Kunihiko Miyahara loved to surf. His wife, Kaori, points out photos of her husband catching waves as her fingers wander through an album filled with images of the couples’ history. The Miyaharas met as actors. They played a couple on stage, and although Kunihiko admits that he loved Kaori first, they’ve been happily married for 20 years. Together, they’ve been through thick and thin, good times and bad. Arguably the worst was when Kunihiko was hit by a motorcycle while riding his bicycle in Tokyo, Japan. In an instant, Kunihiko’s surfing dreams were crushed along with his spine.
“The doctor told me I would never walk again,” said Kunihiko. New technological advances in robotics, however, are giving people the ability to overcome some of their physical limitations. “When I was nine years old, I read the book I, Robot,” said Dr. Yoshiyuki Sankai, a professor, roboticist and founder of robot maker CYBERDYNE. Isaac Asimov’s work of science fiction, which outlined his Three Laws of Robotics, inspired Sankai in his childhood, and the first – to protect humans – informed his work in developing the Hybrid Assistive Limb (HAL) exoskeleton.

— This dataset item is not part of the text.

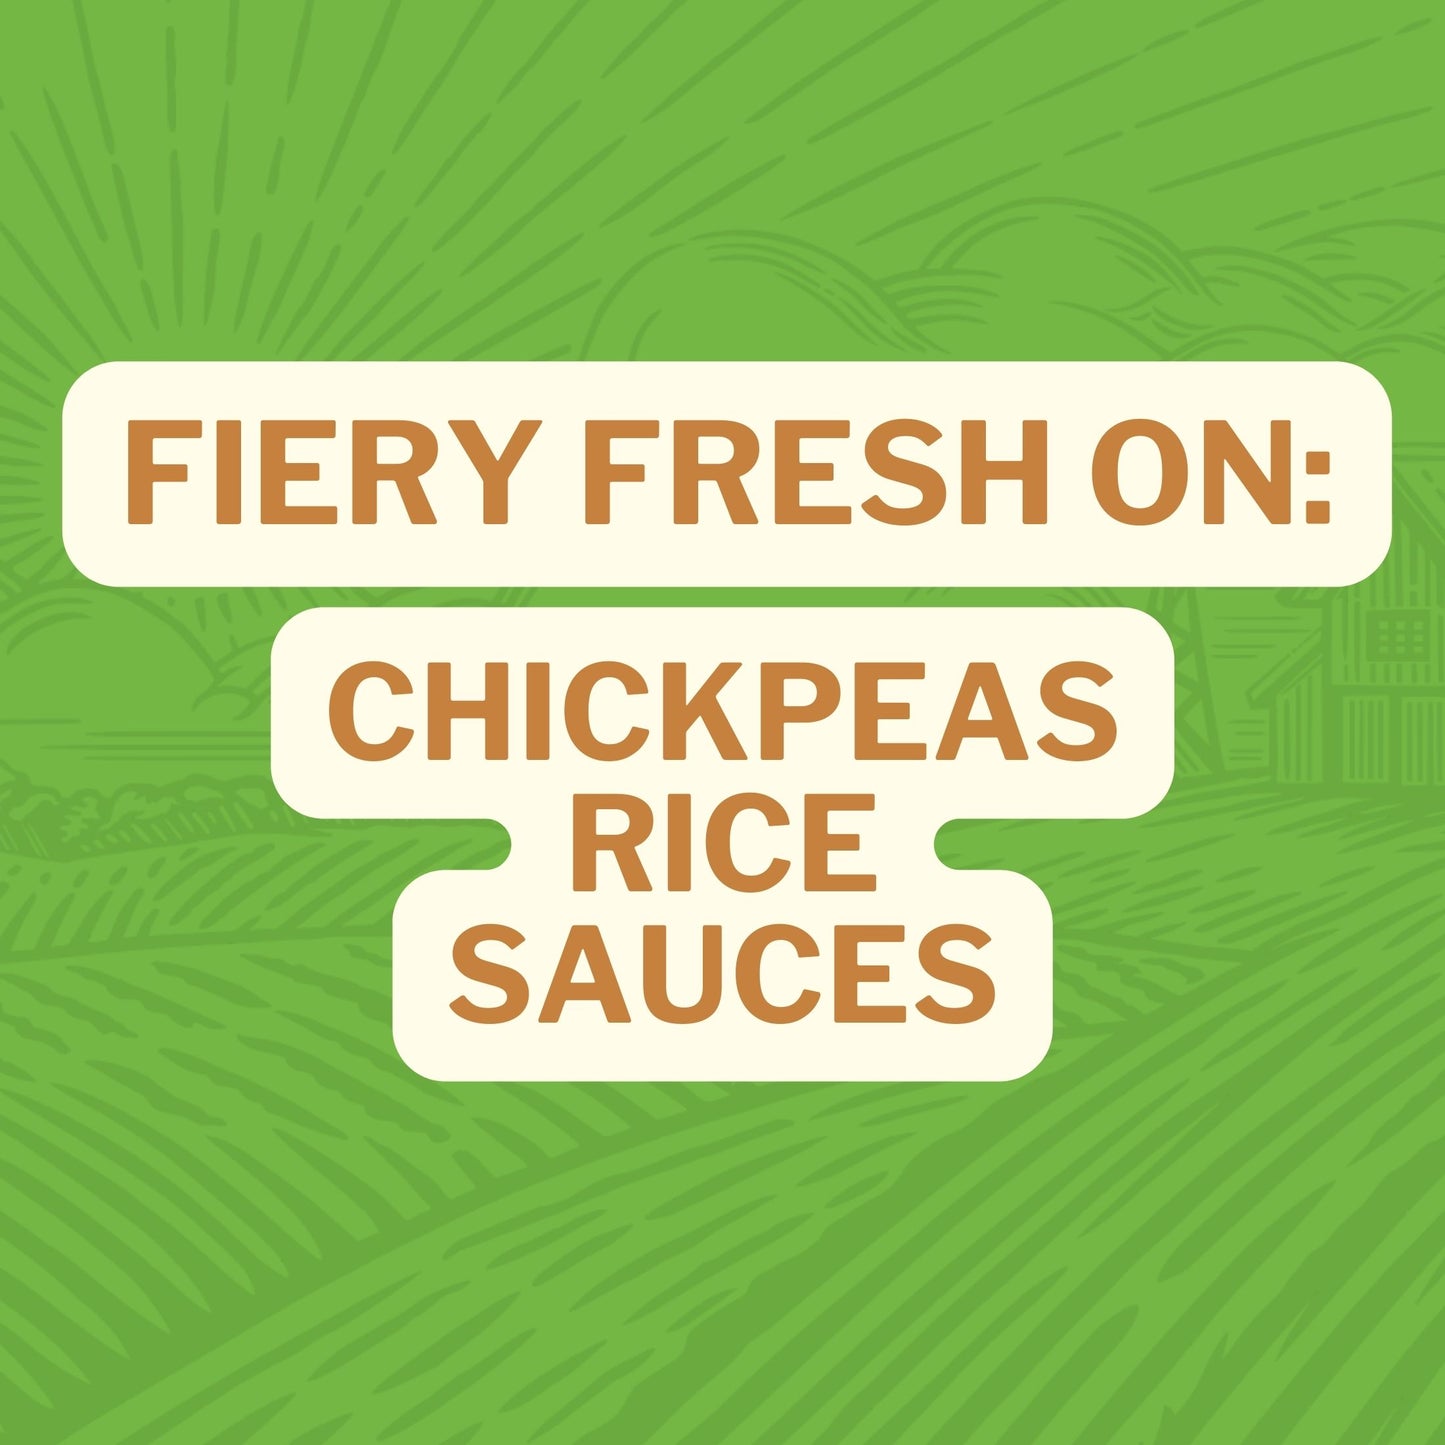 Fiery Fresh On: Chickpeas Rice Sauces

As a cyborg-type robot – a fusion of human, robot and information systems — the robot suit HAL, which looks a little like legs of a Stormtrooper, detects signals from the wearer’s nervous system. The wearer of the suit is tasked with re-training his brain to communicate with his body. Sankai states that HAL can improve damaged physical functionality.
HAL follows a series of steps: The brain transmits nerve signals to the muscles it wants to move; the skin propagates those impulses as bioelectric signals, which are picked up by HAL, and HAL computes the required movement and level of power exertion accordingly. With the movement occurring in real time, the brain can receive sensory nerve signals from the muscles and joints, and this allows the wearer to improve their impaired functionality.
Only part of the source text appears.